Your credit score is a numerical representation of your creditworthiness, ranging from 300 to 900 in Canada. A higher score means better borrowing terms. Understanding how to improve it can save you thousands of dollars in interest over your lifetime.
Understanding Canadian Credit Scores
Score Ranges
| Score | Rating | Impact |
|---|---|---|
| 800-900 | Excellent | Best rates, easy approvals |
| 720-799 | Very Good | Competitive rates |
| 650-719 | Good | Most lenders will approve |
| 600-649 | Fair | Limited options, higher rates |
| 500-599 | Poor | High interest, may be declined |
| Below 500 | Very Poor | Significant challenges |
What Affects Your Score
- Payment History (35%): Whether you pay on time
- Credit Utilization (30%): How much of your available credit you use
- Length of Credit History (15%): How long you've had credit
- Credit Mix (10%): Types of credit you have
- New Credit Inquiries (10%): Recent applications for credit
Immediate Improvement Strategies
1. Check Your Credit Report
You can get a free credit report from:
- Equifax Canada
- TransUnion Canada
Review for errors and dispute any inaccuracies immediately.
2. Reduce Credit Utilization
Keep your utilization below 30%, ideally below 10%:
- Pay down existing balances
- Request credit limit increases (without spending more)
- Spread balances across multiple cards
3. Become an Authorized User
If a family member with good credit adds you as an authorized user on their card, their positive payment history can boost your score.
4. Don't Close Old Accounts
Closing a credit card reduces your available credit and shortens your credit history, both of which can hurt your score.
Medium-Term Strategies
5. Diversify Your Credit Mix
Having a mix of credit types (credit cards, lines of credit, installment loans) can positively impact your score.
6. Secure Credit Cards
If you have poor or no credit, a secured credit card helps build or rebuild your score.
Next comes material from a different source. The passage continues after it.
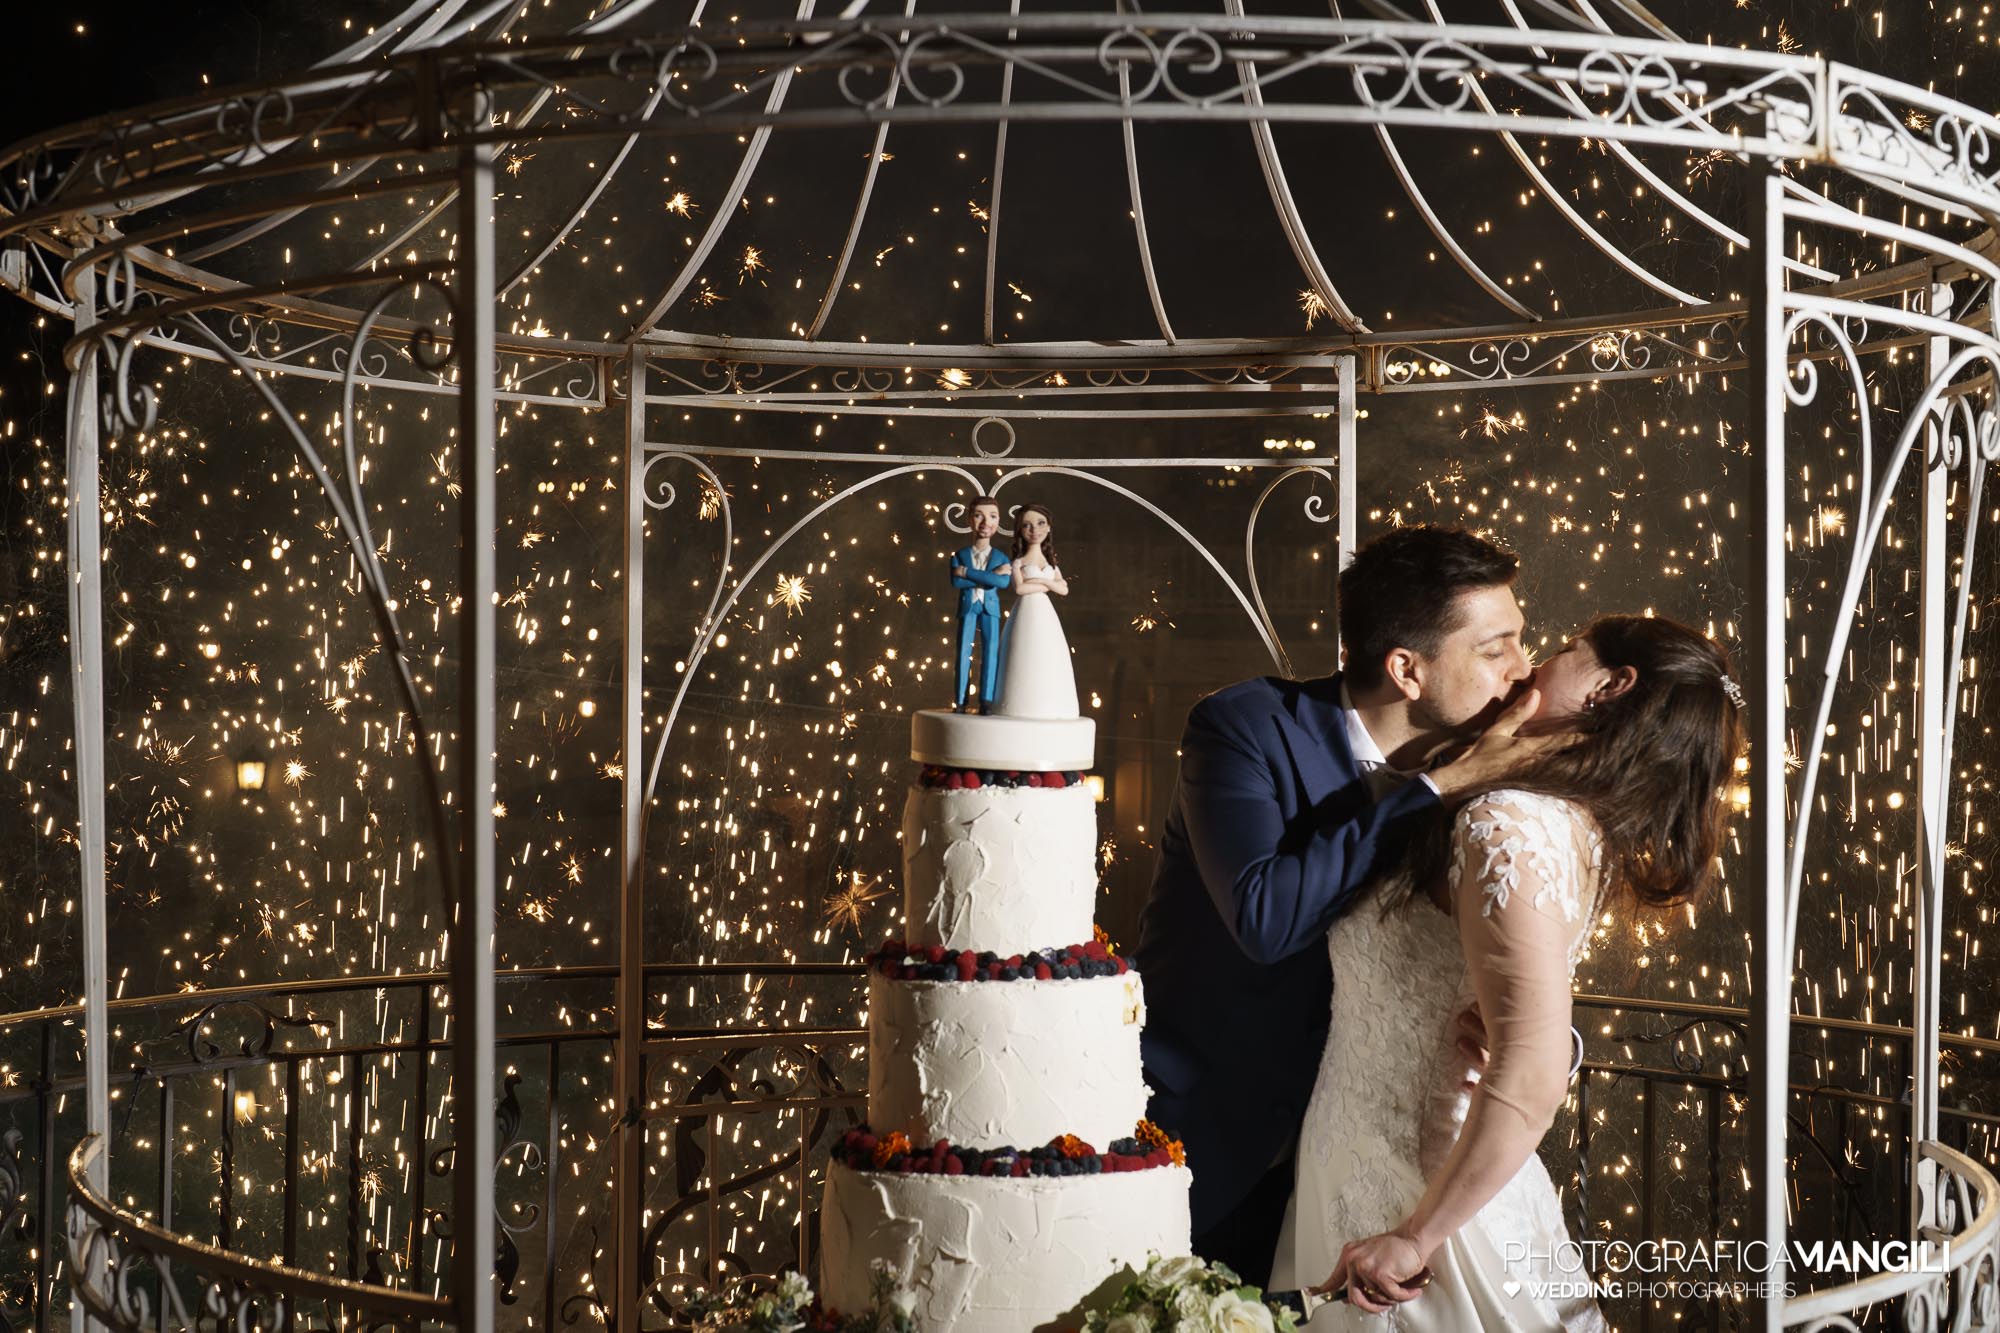 071 foto nozze wedding reportage ritratto bacio torta sposi il fontanile gandosso bergamo chiara oliviero

Use it responsibly by making small purchases and paying in full.
7. Become a Joint Account Holder
Joint accounts with someone who has good credit can help establish your credit history.
8. Request Credit Limit Increases
Without new spending, higher limits reduce your utilization ratio.
Long-Term Strategies
9. Establish a Long Credit History
The longer your credit history, the better. Avoid closing old cards even if you don't use them.
10. Automate Payments
Set up automatic minimum payments to never miss a due date. Then pay more when possible.
11. Use Credit Responsibly Over Time
Consistent, responsible credit use demonstrates reliability to lenders.
Common Mistakes to Avoid
Don't Apply for Multiple Cards at Once
Each application generates a hard inquiry that stays on your report for two years.
Don't Carry High Balances
High utilization signals financial stress to lenders.
Don't Ignore Errors
Inaccuracies on your credit report can artificially lower your score.
Don't Close Cards After Paying Off
Keep them open to maintain available credit and history length.
Timeline for Improvement
Quick Wins (1-3 months)
- Correct report errors
- Pay down credit card balances
- Become an authorized user
Steady Progress (6-12 months)
- Establish consistent payment history
- Reduce utilization below 30%
- Avoid new credit applications
Long-Term Building (1-2 years)
- Develop substantial positive history
- Reach excellent credit range
- Maintain responsible habits
FAQ
How long does it take to improve a credit score?
With consistent effort, you might see improvement within 3-6 months. Significant improvements typically take 12-24 months.
Does checking my credit score hurt it?
No, checking your own score is a soft inquiry and doesn't affect your credit.
Can I improve my score if I've had bankruptcies?
Yes, but it takes longer. Focus on establishing positive credit habits and the bankruptcy will have less impact over time.